И в эту вещицу всажены «Вести». Да дважды подряд! Проклятые «Вести», от которых зрители бегут в Художественный театр имени Чехова смотреть, как Евстигнеев играет Гоголя, – «Вести» настигают и там. Крым, немцы, автономия…
Побойтесь Бога! Я езжу к женщинам, да только не за этим. Зачем это нам? Мы пришли не на диспут депутатов, а в театр.
А на сцене одна натяжка тащит за собой другую. В «Игроках» сын помещика Глова рвется в гусары, к шампанскому, к карточному столу. «Ва-банк! ва-банк!» – и двухсот тысяч как не бывало.
Странно слушать, как сынок рвется «в армию» (инсценировщику пришлось-таки заменить слово, ибо гусарских полков в России сейчас нету).

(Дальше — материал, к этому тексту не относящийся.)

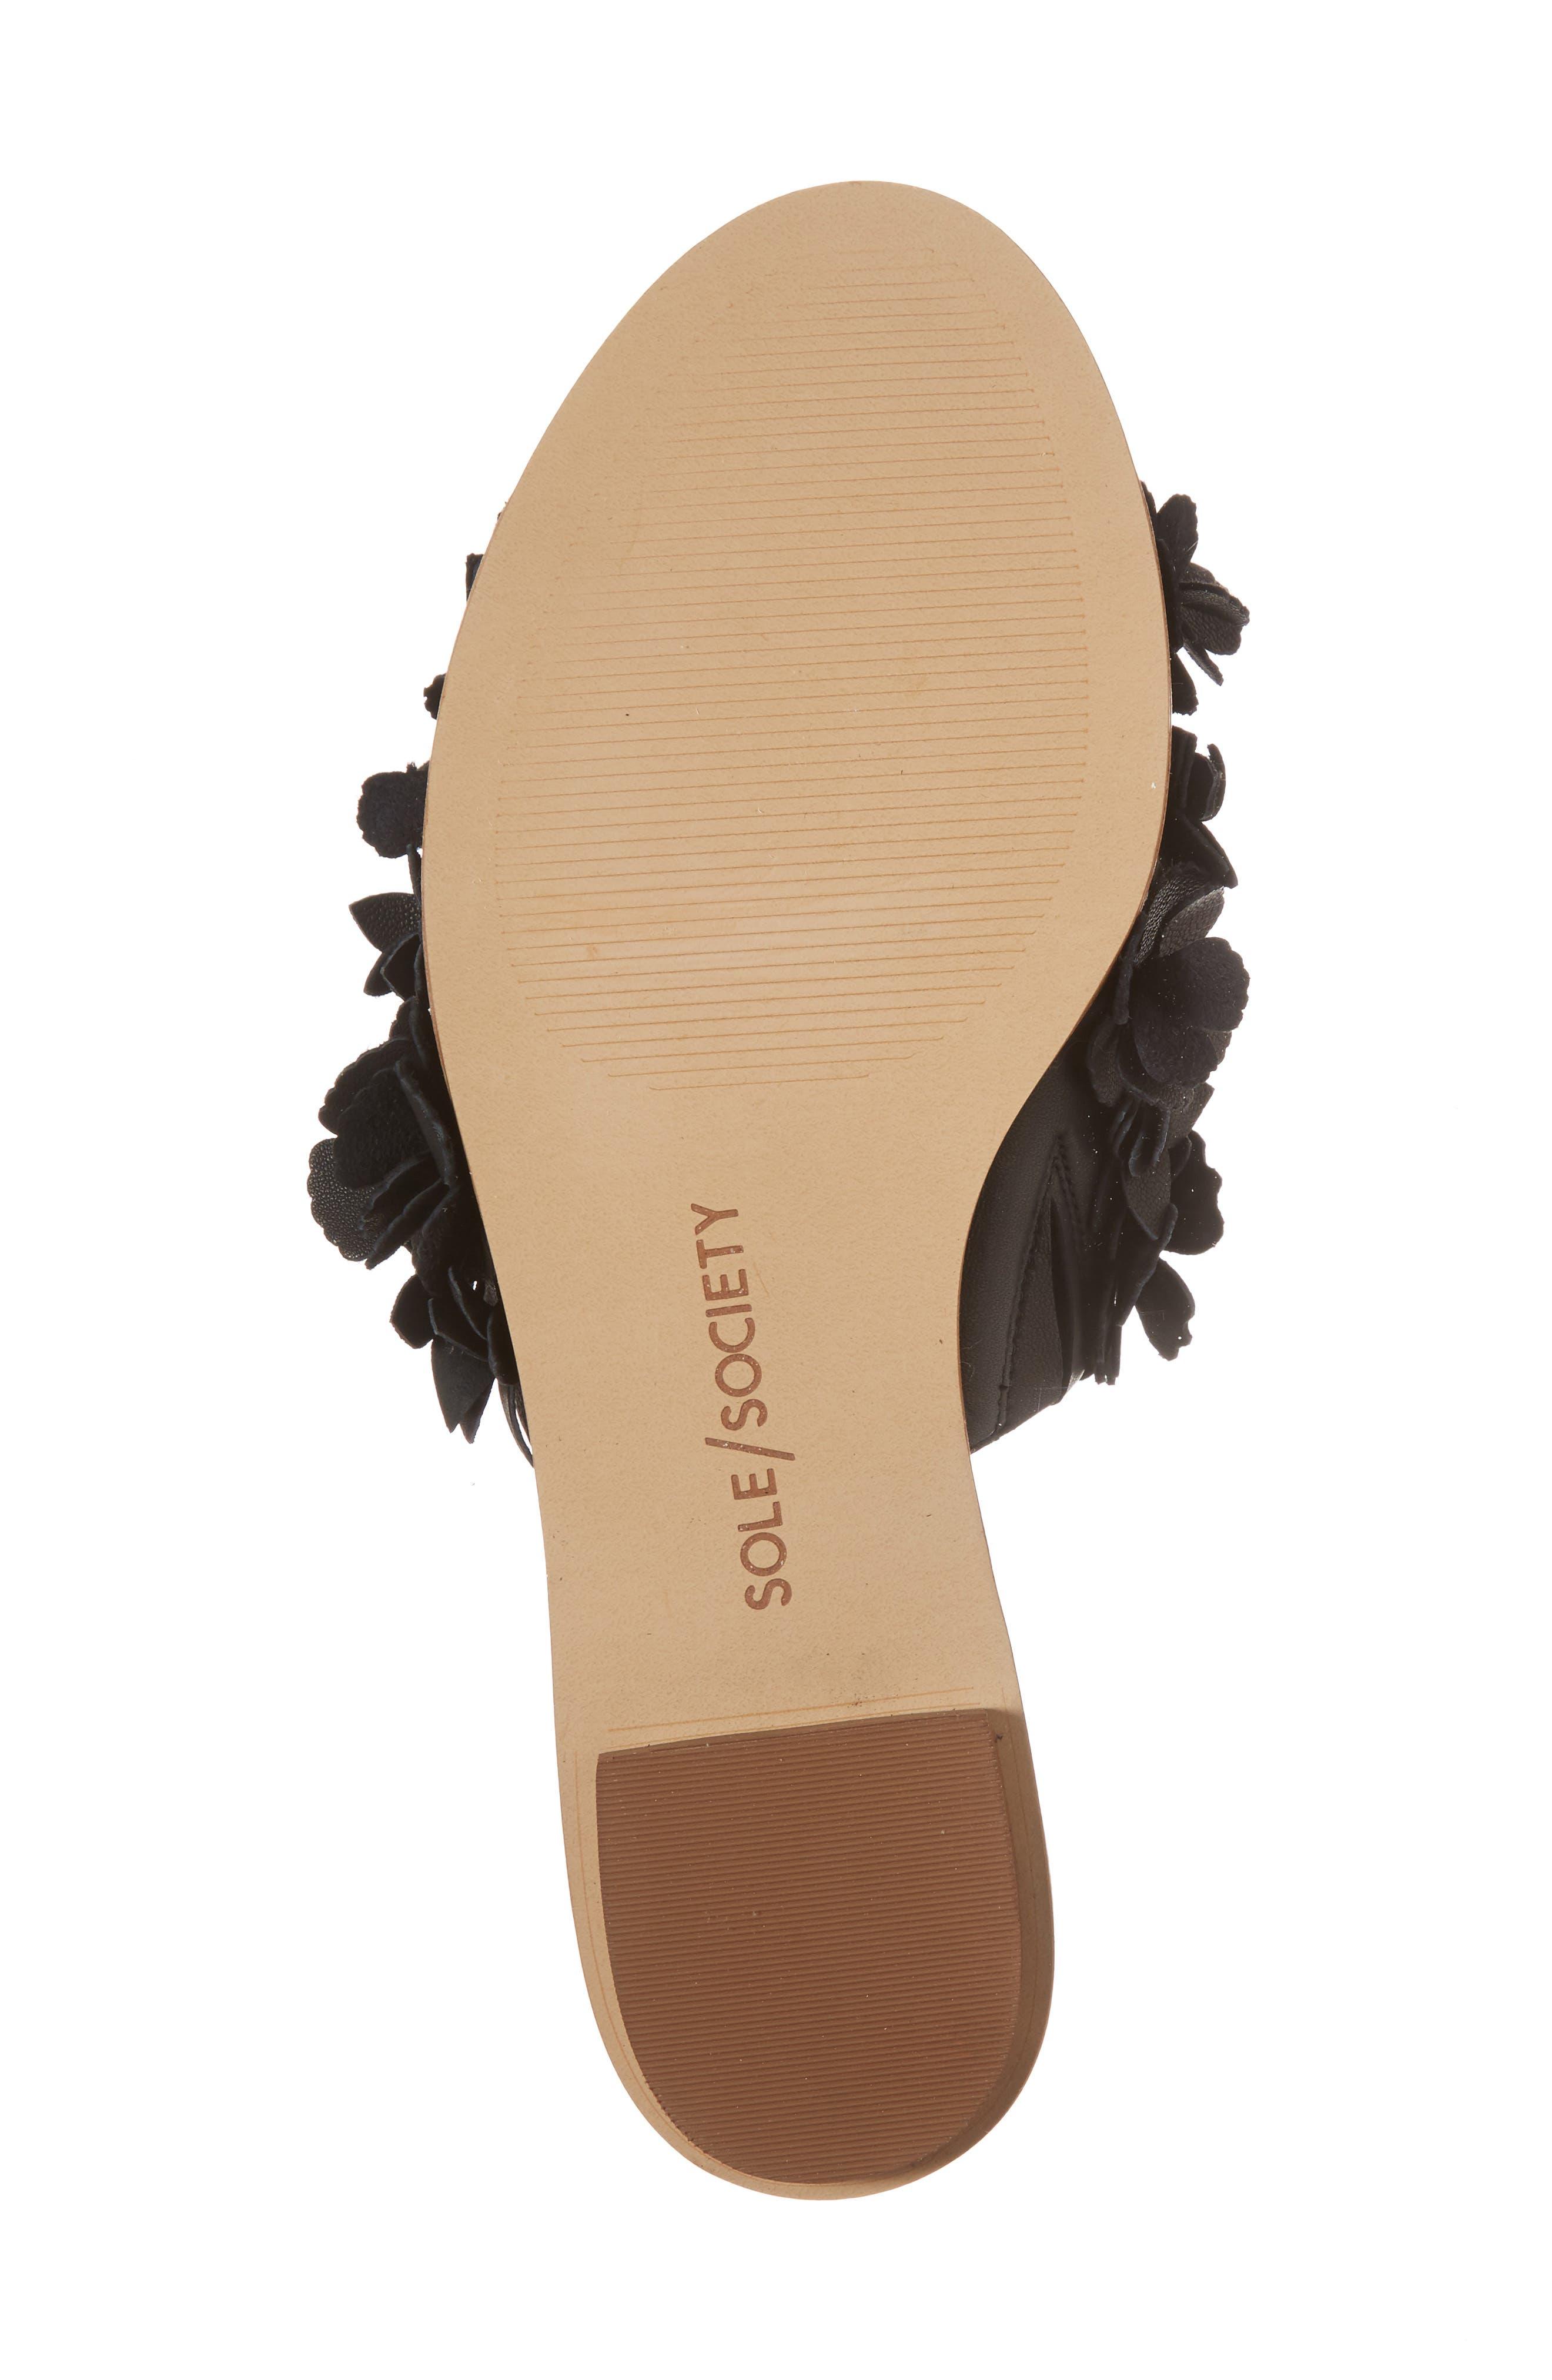 Caelyn Embellished Flat Sandal,                             Alternate thumbnail 6, color,                             BLACK

Не смешно. Не рвутся в армию сынки академиков. Поменяв помещика на академика, надо было и дальше валить без оглядки. Юноша должен, разумеется, рваться в брокеры. Да вот беда, нашим юным брокерам отнюдь не свойственно пить до бесчувствия и проигрываться до нитки. Эти наши юноши – как стальной капкан.
Следовало бы и суммы менять. Если Ихарев такой ухарь, что горничной «Мальборо» блоками сует, – глупо с придыханием, с замиранием в голосе мечтать о двухстах тысячах рублей. Это же всего-то пол «жигуля».
Перевели действие в сегодня, курим «Мальборо», звоним по телефону, переделываем помещиков в академиков – чего же робеть? – следует довести суммы до приличного на сегодняшний день уровня. Двести тысяц в ценах 1842 года это сегодня никак не менее двадцати миллионов. И придыхание оправдается.
А еще бы и индексацию ввести. Играя спектакль, делать бы поправки соответственно инфляции.
Но артисты – чудесные! Любо-дорого смотреть!
А вот что они играют? В банк, в банчик, и термины все точные (по Гоголю): пароле, пароле пе, ва-банк. Но говорят одно, а делают другое – карты банкомет не мечет, а раздает всем поровну. Ходят по очереди, шлепают картами, как занюханные курортники. Преферанс? петух? – игры долгие, сонные. Если уж кричишь «ва-банк!» – тогда никакой раздачи, никаких ходов.
Дотошная верность ялтинских деталей и странное невнимание к слову Гоголя.
Мелочи? Для кого это мелочи, тот не понимает, вероятно, природы искусства. Неверное слово, неточная интонация, фальшивый жест – такая же мелочь на сцене, как лишний бемоль в оркестре. Для профана «без разницы», для ценителя – мучение.
Введены не только «Вести». Введено «социально значимое» из Гоголя. А зачем?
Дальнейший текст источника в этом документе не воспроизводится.